I taught a class today on relational prayer. I said relational prayer is a call out of the solitary confinement of evangelical spirituality. We have scores of books by popular Christian authors on the value, benefit, and struggle of private prayer and solitude. There are so few books on "relational prayer." While most books on evangelical spirituality and the value of private prayer focus on Jesus getting away from the crowd to get alone to pray, hardly any books focus on John 1:1 which, perhaps may be one of the greatest verses on communion and conversation in the Bible. From all eternity, before time began Jesus was with the Father. And that is where we are going: the communion of God and the commuion of saints. There is some use and blessing in private prayer. But modern evangelicalism has promoted, advertised, celebrated, cherished, and proclaimed with great wisdom that private prayer is essential to your identity before God in spirituality.
Rarely, you will ever hear the counsel, that you need to delve into the discipline and rhythm of relational prayer. Praying with and for others is almost viewed as an extra value or benefit in addition to, or on top of, your hectic schedule and the chief cornerstone of evangelical spirituality: private prayer.
I encouraged everyone to consider the possibility and practice of relational prayer as a pulsating, rich, communal, spiritual discipline that can help us escape the solitary confinement of evangelical spirituality. I wasn't just simply referring to prayer here and there, although there is value in that. But to consider the possibility of even daily relational prayer as a possibility of rich communion: emails, Im-ing, and cell phones make intentional relational prayer a rich possibility even though you maybe separated by suburbs, states, or even oceans.
1. We never outgrow our own weakness or vulnerability.

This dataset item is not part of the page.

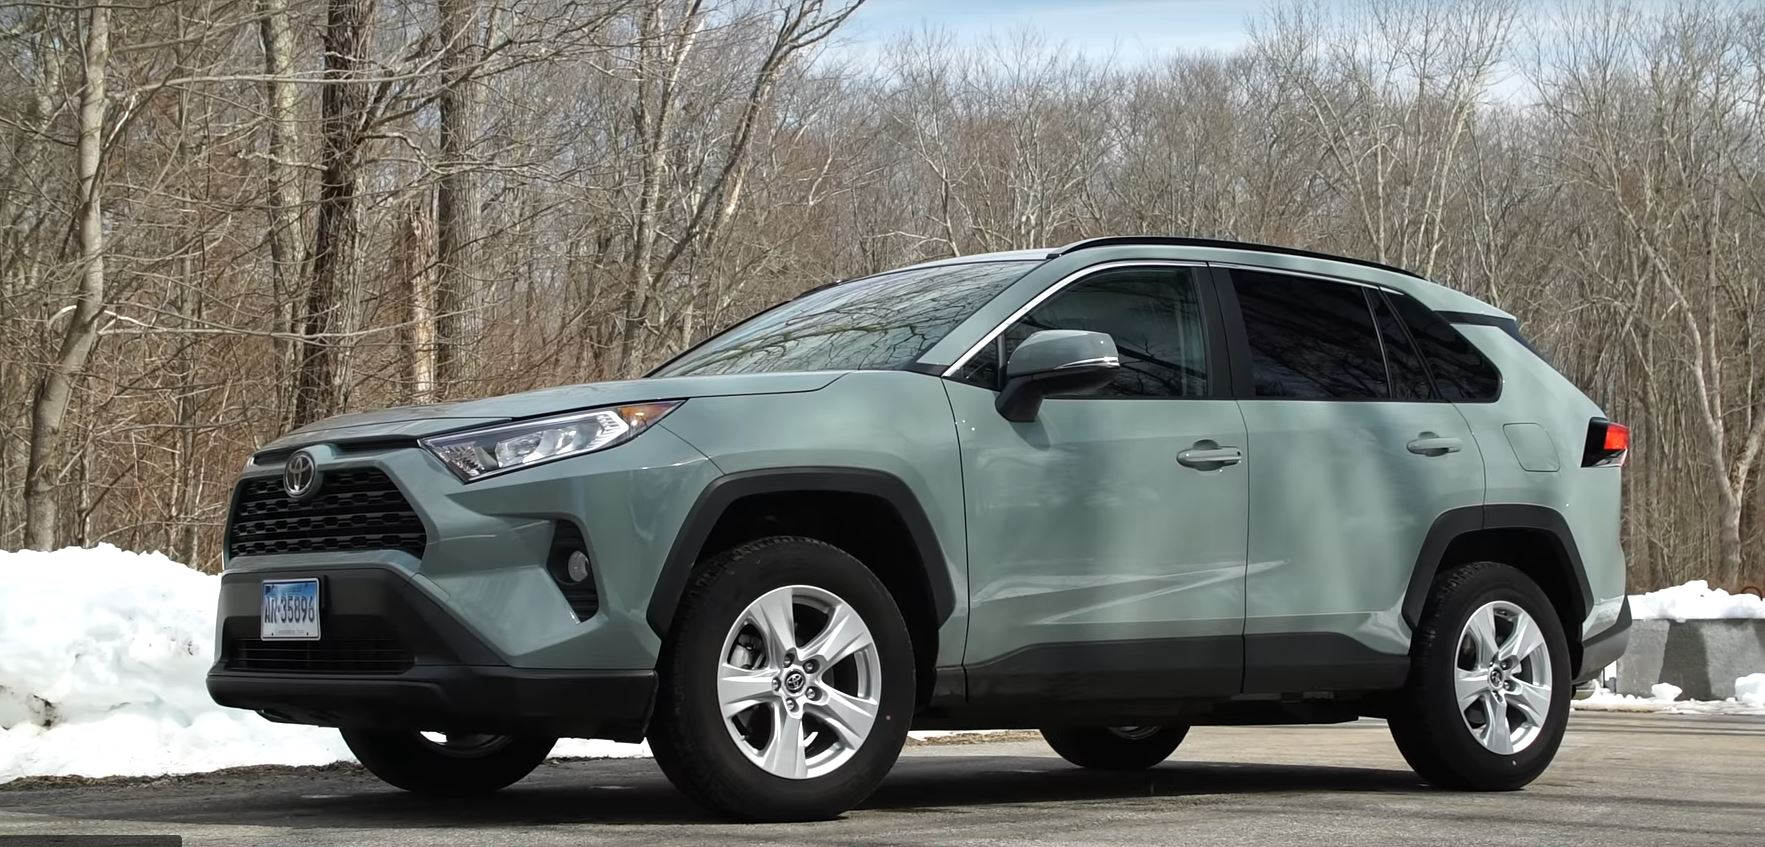 2020 Toyota RAV4: News, Options, Design, Release >> 2020 Toyota Rav4 Is Less Comfortable Than Mazda Cx 5 Says

One of my points is that we never go beyond our own weakness and vulnerability. Therefore, we are always to faced to some degree, "Lord, I don't even know how to pray for this person right now."
2. We are to enter into the other's vulnerability.
Listen for their vulnerability: their ambivalence, their loss, their rejection, their betrayal, their sense of doubting God's provision, etc.
“Healing prayer doesn’t push suffering off to the side, where it can be safely ignored. Instead, in healing prayer we enter the scene of our tragedies with profound particularity. Healing prayer allows us to name the scene of shame in detail.” Dan Allender
Those vulnerabilities are pointing to bigger issues and questions:
Is God good?
Is God just?
Is God going to be there for me?
Does God fiercely love me--does he accept me for who I really am now?
We want to pray into those vulnerabilities. We don't want to sidestep those vulnerabilities--the pain, the loss, the fear, the anxiety. We want to name it. We want to identify it. We want to pray into the heart of the questions. We are not offering a "quick-fix" in the discipline of relational prayer: we are offering presence, we are offering "with-ness," we are by identifying those vulnerabilities our support in the midst of those vulnerabilities.
3. Praying the Gospel Story in relational prayer.
The Gospel is where the ultimacy of relational prayer rests.
"Anything less than prayer fails to deal with either the ultimacy of the desires or the complexity of the difficulties….In prayer the desires are not talked about, they are expressed to God. In prayer the difficulties are not analyzed and studied, they are worked through with God.” Eugene Peterson
“The actual details of intimate needs and relational realities become the stuff of prayer.” Eugene Peterson
We need to escape the solitary confinement of evangelical, white middle class spirituality.
Praying the intimacy of the Gospel story into the other's story: rich, rich, communion.